Relational Causal Discovery with Latent Confounders
Matteo Negro, Andrea Piras, Ragib Ahsan, David Arbour, Elena Zheleva
TL;DR
RelFCI addresses learning causal structure from relational data under latent confounding, extending causal discovery beyond i.i.d. assumptions. It introduces Latent Relational Causal Models (LRCMs) and lifted representations—MAAGG, PAAGG, and PARM—for modeling relational dependencies and their equivalence classes across perspectives, using a hop threshold $h$ (with $h' \ge 2h$ for latent paths). The RelFCI algorithm extends FCI and RCD to relational domains, proving soundness and completeness under ideal conditional independence testing and specified assumptions, and demonstrates robust performance on synthetic data with latent confounders. Collectively, the work advances relational causal discovery by incorporating latent confounding and providing a practical, scalable framework for causal effect estimation in complex relational systems.
Abstract
Estimating causal effects from real-world relational data can be challenging when the underlying causal model and potential confounders are unknown.

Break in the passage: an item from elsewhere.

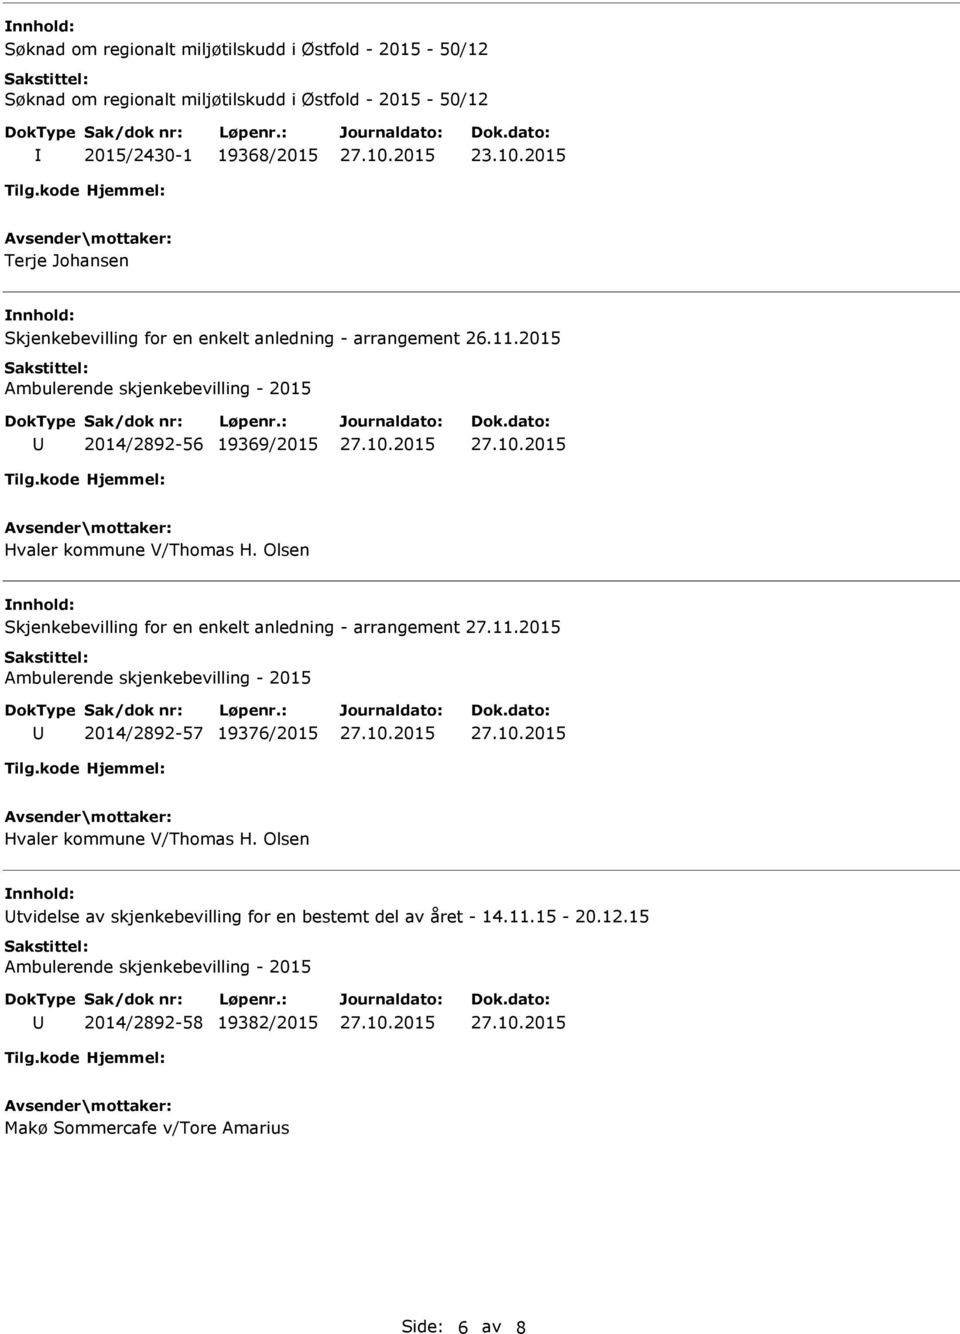 2015 Ambulerende skjenkebevilling - 2015 2014/2892-56 19369/2015 Hvaler kommune V/Thomas H. Olsen Skjenkebevilling for en enkelt anledning - arrangement 27.11.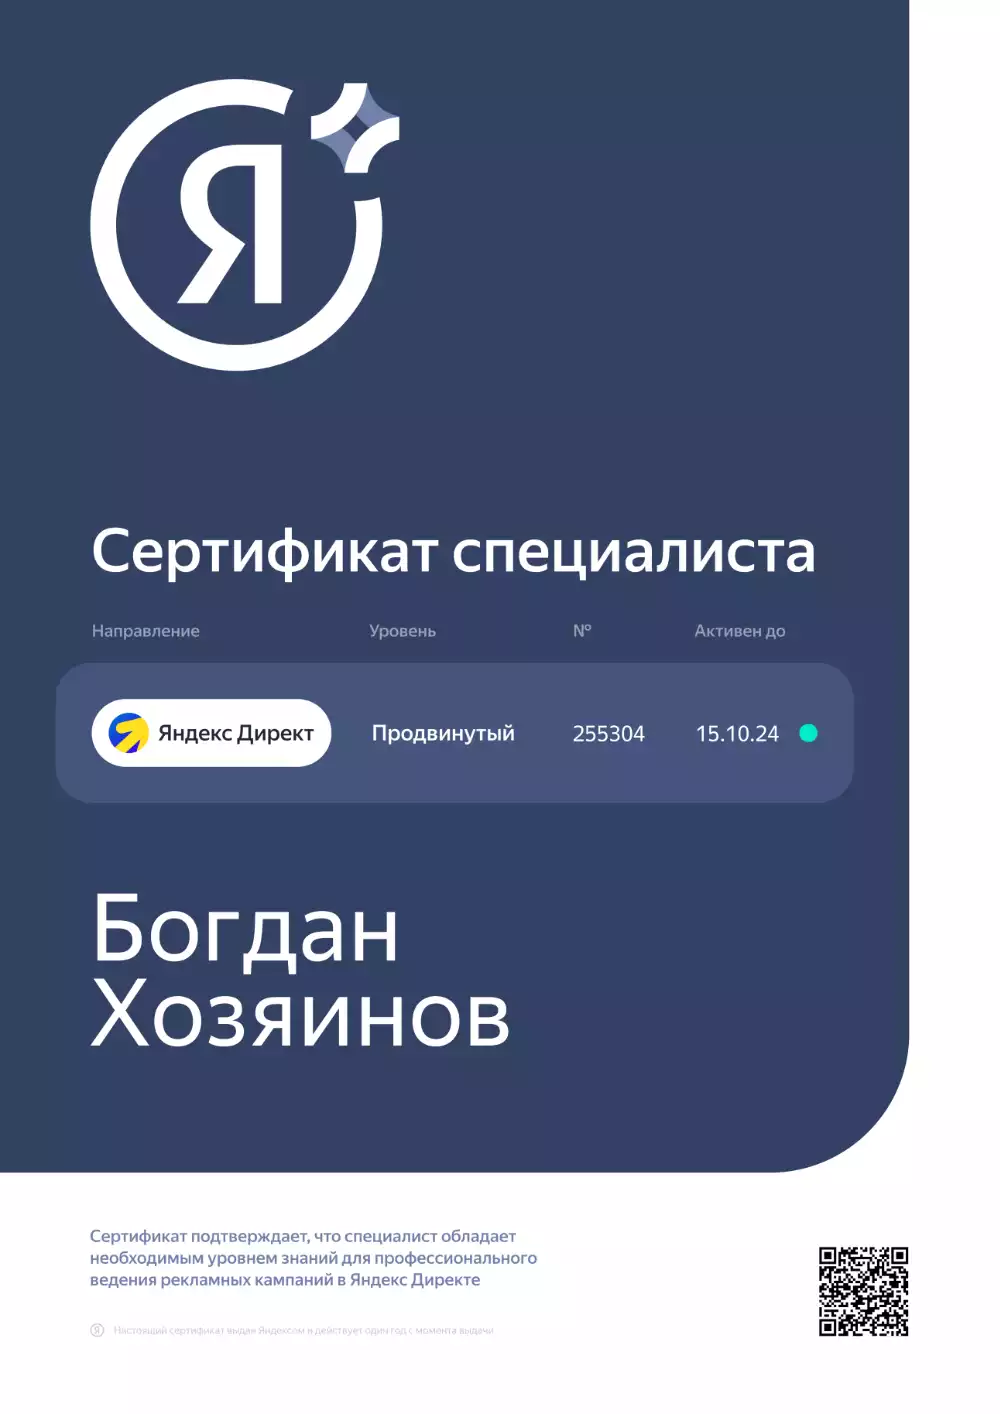 Сертификат специалиста по Яндекс Директу продвинутый уровень

While several causal discovery algorithms exist for learning causal models with latent confounders from data, they assume that the data is independent and identically distributed (i.i.d.) and are not well-suited for learning from relational data. Similarly, existing relational causal discovery algorithms assume causal sufficiency, which is unrealistic for many real-world datasets. To address this gap, we propose RelFCI, a sound and complete causal discovery algorithm for relational data with latent confounders. Our work builds upon the Fast Causal Inference (FCI) and Relational Causal Discovery (RCD) algorithms and it defines new graphical models, necessary to support causal discovery in relational domains. We also establish soundness and completeness guarantees for relational d-separation with latent confounders. We present experimental results demonstrating the effectiveness of RelFCI in identifying the correct causal structure in relational causal models with latent confounders.